Igavania: Ritual of Sorrow is literally everything that we wanted from Bloodstained and then some. The game looks, feels, and plays like a Castlevania game that came from Koji Igarachi, because honestly, that’s what this is. They traded ‘Dracula’ out for ‘Demons’, changed ‘souls’ into ‘shards’, and gave it all a stained-glass theme. This is the game that took Kickstarter by storm and surpassed their kickstarter goal by over 1,000%. That’s over 10x, for you kids at home that have a strained relationship with maths.
Story
Some alchemists were experimenting with magic and eventually found a way to summon demons into this world. They manage this by binding a shard to someone with the talent or capacity to control it (Called a shardbinder), and use the shardbinders to grow the crystal necessary to summon … something. Maybe. You play as Miriam, who is chasing after a former friend turned evil mastermind, Gebel. Gebel is Bloodstained’s Dracula. Or at least, he’s the analogue to it in this gothic window reskin of our favourite games. Gebel’s right hand demon (which has a lot of little cutting scythelike blades, not entirely unlike Death) follows him and whisks him to safety while he permits Miriam to embrace her power and get more attuned to the hellish font of greatness. Presumably to join his side, after she realises what’s what, of course.Gameplay
This game really may as well be a Castlevania game. It feels so much like one that it just IS one in my mind, even though I know that to be untrue. You have slides, a double-jump, an air slam, a dive jump. Instead of turning into mist, you get an ability that allows you to teleport along a beam that can get through narrow sections. Every time you kill an enemy, you gain XP (which goes towards levelling up, and improving all of your stats), and a chance at an item drop, or a shard drop. Almost every enemy (including most bosses) have a shard that you can collect. Getting multiple copies of the shard will increase its grade, up to 9.Grade typically makes the shard more effective. Attack shards do more damage, passive shards raise stats by a larger amount, so on. Shards can also be enhanced back in town, if you collect various ingredients, to improve its rank. Rank will change how a shard acts in other ways, such as an arrow-firing shard will fire additional arrows, up to 5 at rank 9. Rank and Grade improve independently of each other, and it leads towards a fun but quite long grind that you’ll either hate or cherish. I cherished it.

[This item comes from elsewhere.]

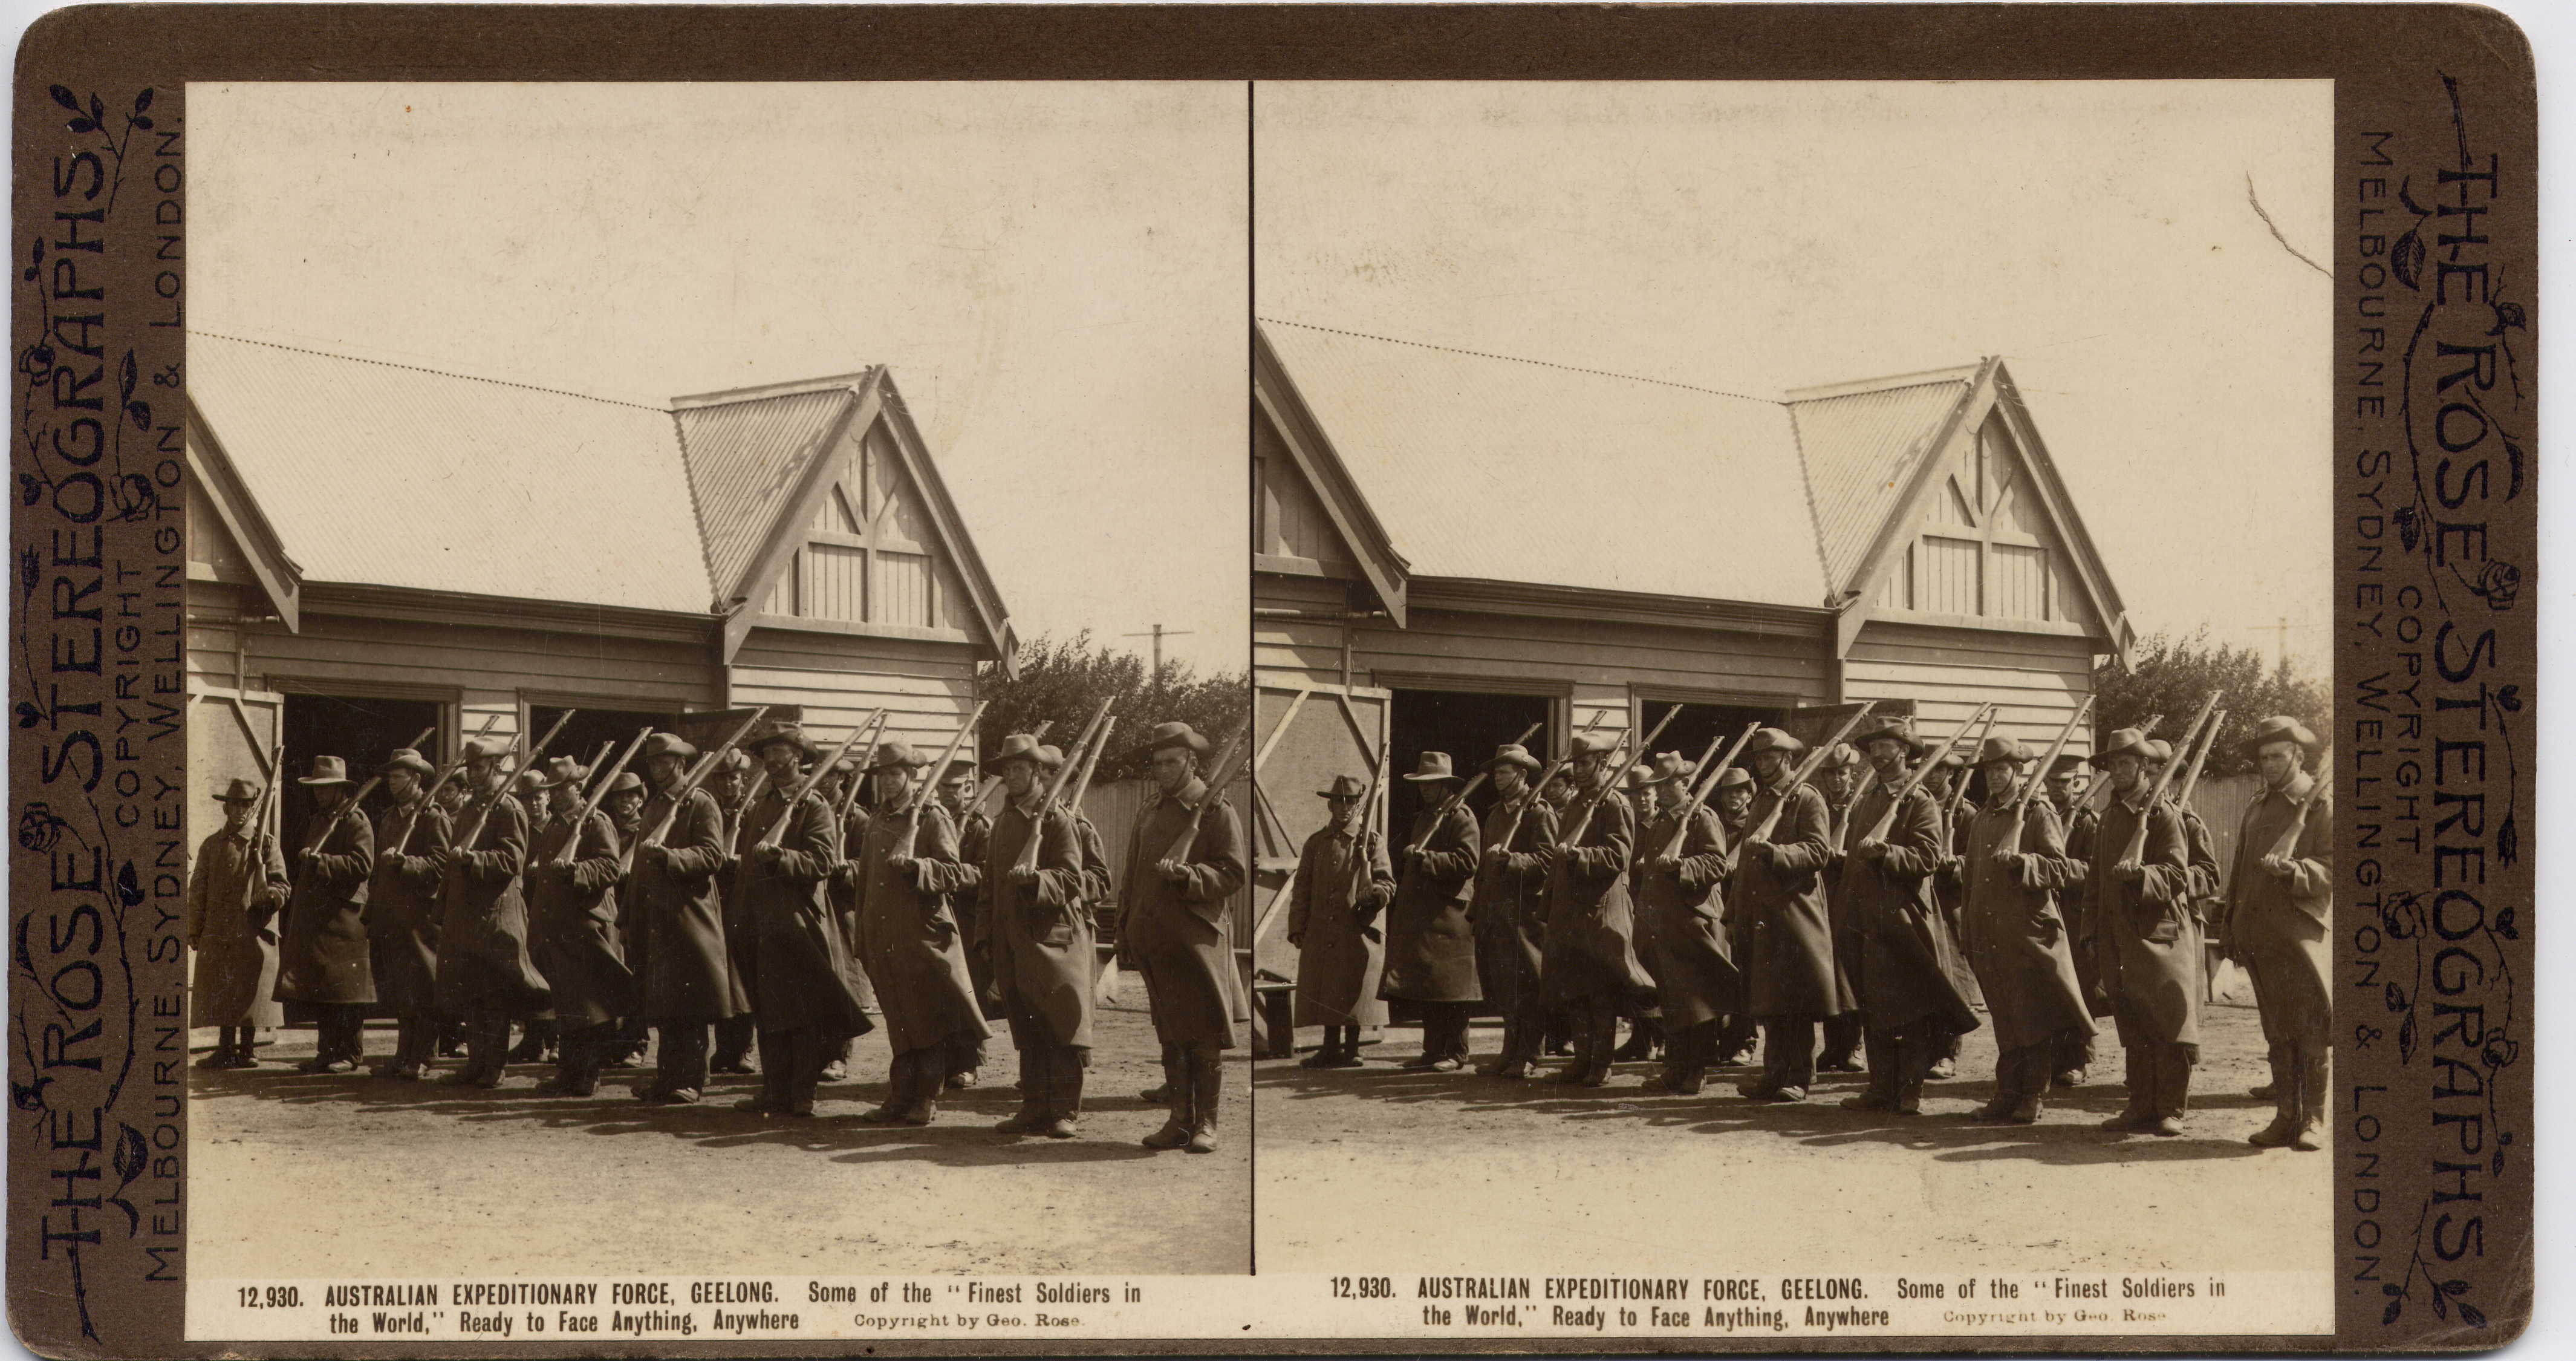 AUSTRALIAN EXPEDITIONARY FORCE, GEELONG. Some of the “Finest Soldiers in the World,” Ready to Face Anything, Anywhere.

Other interesting elements
Healing items are scarce in this game. Super scarce. Instead of them, you’ll lean on meals that you cook in town to act as your curatives. Go farm the ingredients out and prep the meals ahead of time. The first time you eat each recipe, you get a permanent stat bonus, so the game rewards you for the completionist effort. The biggest gameplay change came about because of meals. When you unlock the drink recipes, the apple juice, the smoothie, the godly nectar, and so on, each of them gives you a passive mana regen boost. Prior to the meals, mana regens at a rate such that, for a boss fight, you have x uses of your ability and then you’re done.Following them, mana regenerates fast enough that skills are usable as your primary attack. Without passive shards (such as the mana cost reduction shard) to bolster this, you’ll still run out, but you can at least benefit from all of that time you spent grinding and levelling your shards. The audio track is spot on, with a dark gothic theme that fits right in with the Castlevania series. There’s even a couple of parts where I feel like the music is ON THE CUSP of transitioning into Bloody Tears, but never quite does so. The sound effects are par for the course, well timed and fitting for their purpose.
Issues / complaints
The switch version has some issues. It crashes, firstly. Random times, too. Sometimes when leaving one room to another, often while talking to villagers. There are some rooms with bad load times, too. If you are jumping up out of a vertical exit, hit a load screen, and don’t hold jump for the 5 seconds that it’s just all black for, you’ll lose your velocity on the other side, fall back down, and go through the same load again to leave the room. Of course you still need to jump again and load it all YET AGAIN. So, the switch version could use some work. But at the end of the day, I’ve dropped more than 40 hours into this game, and it’s crashed maybe 6 times on me? Only twice that I cared about (as I learned to save as the first thing I did when I got to town), but even 6 times in 40 hours is still infrequent enough that I can thoroughly love this masterpiece.Conclusion
Maybe I’m a sucker for Metroidvanias (hint: I am), perhaps it’s just the nostalgia talking here (it definitely is), but this game is amazing. Absolutely amazing. Being able to take it with me to work, to the park, a friend’s place, because the switch is portable? That’s just icing on the cake. The developer has stated that they’re working on the Switch version’s issues, and I’m going to give them the benefit of the doubt on being able to fix this up to the point that it’s as good as the other versions of the game. There’s been reports of a ‘chest bug’ online, but I didn’t notice it.There’s some complaints that the game is too dark, but that’s what the in game brightness slider is for. You adjust the slider such that one symbol is visible while the other is not… and pretty much every dark game has this, because you’re not supposed to see everything. It’s atmospheric, and it’s mood-setting, and it allows a werewolf to crawl along the ceiling, only to drop down in front of you and get absolutely shredded to bits by Teps Oceus, which is Bloodstained speak for enemy-seeking chain-lightning. That’s right, smart lightning. Go get this game.
Game Information
Platform:
Nintendo Switch
Developer(s):
ArtPlay
Publisher(s):
505 Games
Genre(s):
Platformer
Metroidvania
Mode(s):
INSERT
Other Platform(s):
Sony PlayStation 4
Microsoft Xbox One
PC
Source:
Purchased
Article by Marc H.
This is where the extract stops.